Servidão de passagem entre imóveis vizinhos
Duas propriedades vizinhas convivem há anos com uma trilha que corta o terreno de uma delas para dar acesso à outra, usada diariamente sem que ninguém questione. Enquanto esse uso permanecer apenas tolerado, ele não gera direito automático, mas pode se transformar em servidão de passagem, um direito real que sobrevive mesmo que os imóveis mudem de dono.
Como a servidão nasce do acordo entre proprietários
A servidão proporciona utilidade para o prédio dominante, grava o prédio serviente pertencente a dono diverso, e se constitui mediante declaração expressa dos proprietários ou por testamento, seguida de registro no cartório de registro de imóveis. Sem esse registro, o acordo entre vizinhos vale apenas como obrigação pessoal, não como direito oponível a futuros compradores dos imóveis envolvidos.
O uso contínuo que também gera servidão
O exercício incontestado e contínuo de uma servidão aparente por dez anos autoriza o interessado a registrá-la em seu nome, valendo como título a sentença que julgar consumada essa espécie de usucapião de servidão. Se o possuidor não tiver nenhum título prévio, o prazo sobe para vinte anos de uso contínuo e sem oposição.
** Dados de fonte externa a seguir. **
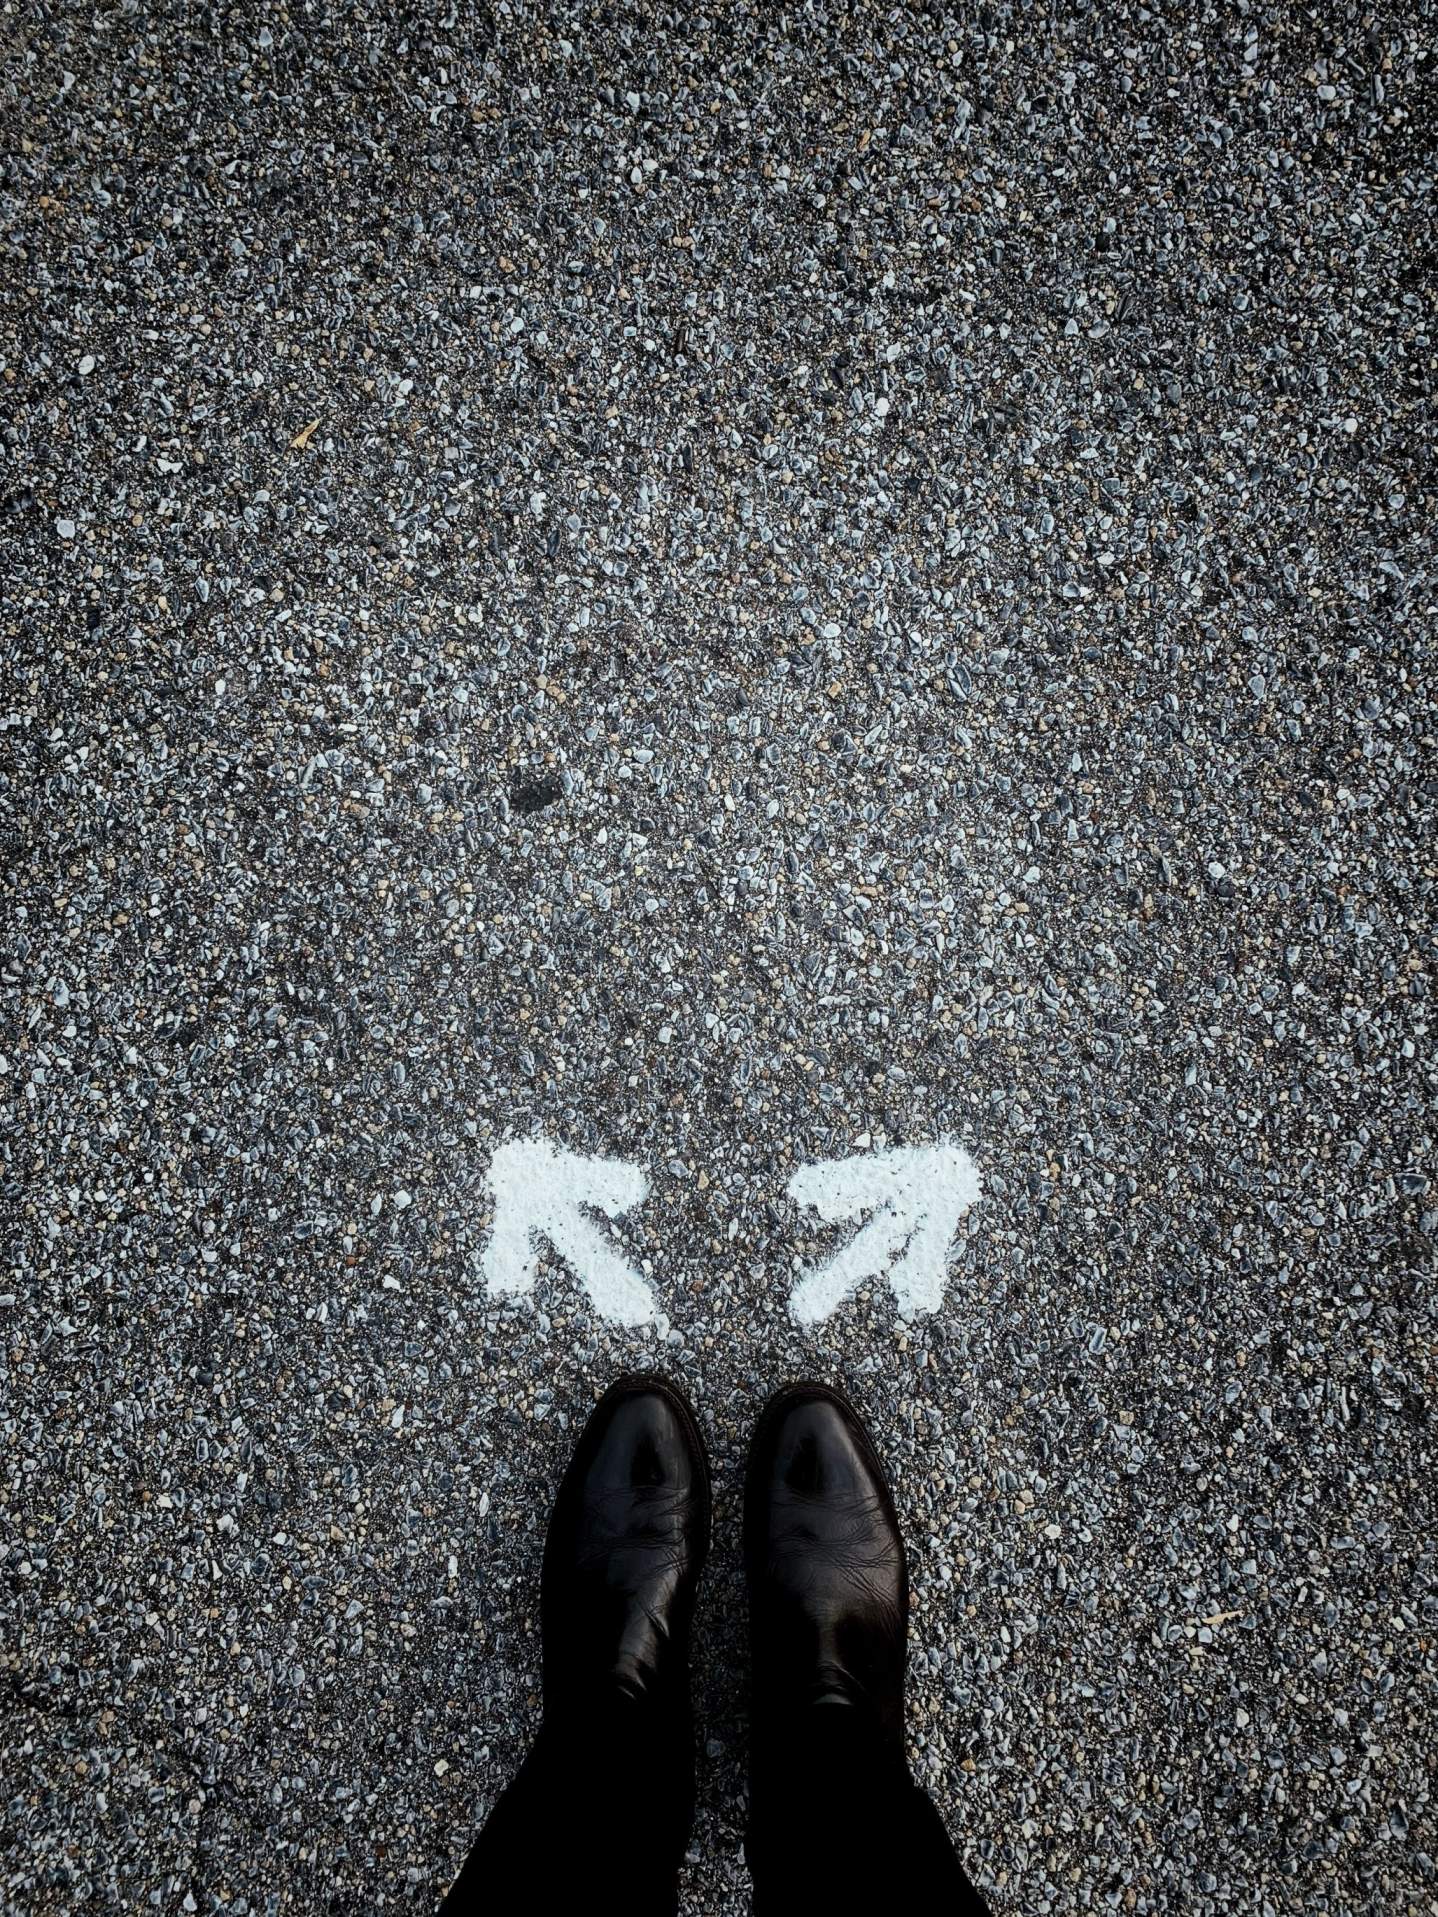 Person deciding whether to go left or right - Should You Shift or Change Your Career?

Por que a passagem forçada é instituto diferente
A passagem forçada, prevista em dispositivo próprio do Código Civil, existe apenas quando o imóvel não tem nenhum acesso a via pública, nascente ou porto; nesse caso, o dono pode constranger o vizinho mais adequado a lhe dar passagem, mediante pagamento de indenização, e o traçado é fixado judicialmente se necessário. Diferente da servidão, a passagem forçada não depende de acordo nem de uso prolongado: nasce da necessidade objetiva de acesso.
O que acontece quando o vizinho se recusa
Se não houver acordo voluntário, o interessado em qualquer das duas figuras pode recorrer ao Judiciário para que o juiz reconheça o direito e fixe as condições de exercício, incluindo o valor da indenização na passagem forçada. Em ambos os casos, a decisão judicial serve de título para o registro do direito na matrícula dos imóveis envolvidos.
Perguntas frequentes
Uma servidão registrada acaba se o imóvel dominante for vendido?
Não; a servidão acompanha o imóvel, e não a pessoa do proprietário, permanecendo válida perante o novo dono do prédio dominante e oponível ao novo dono do prédio serviente.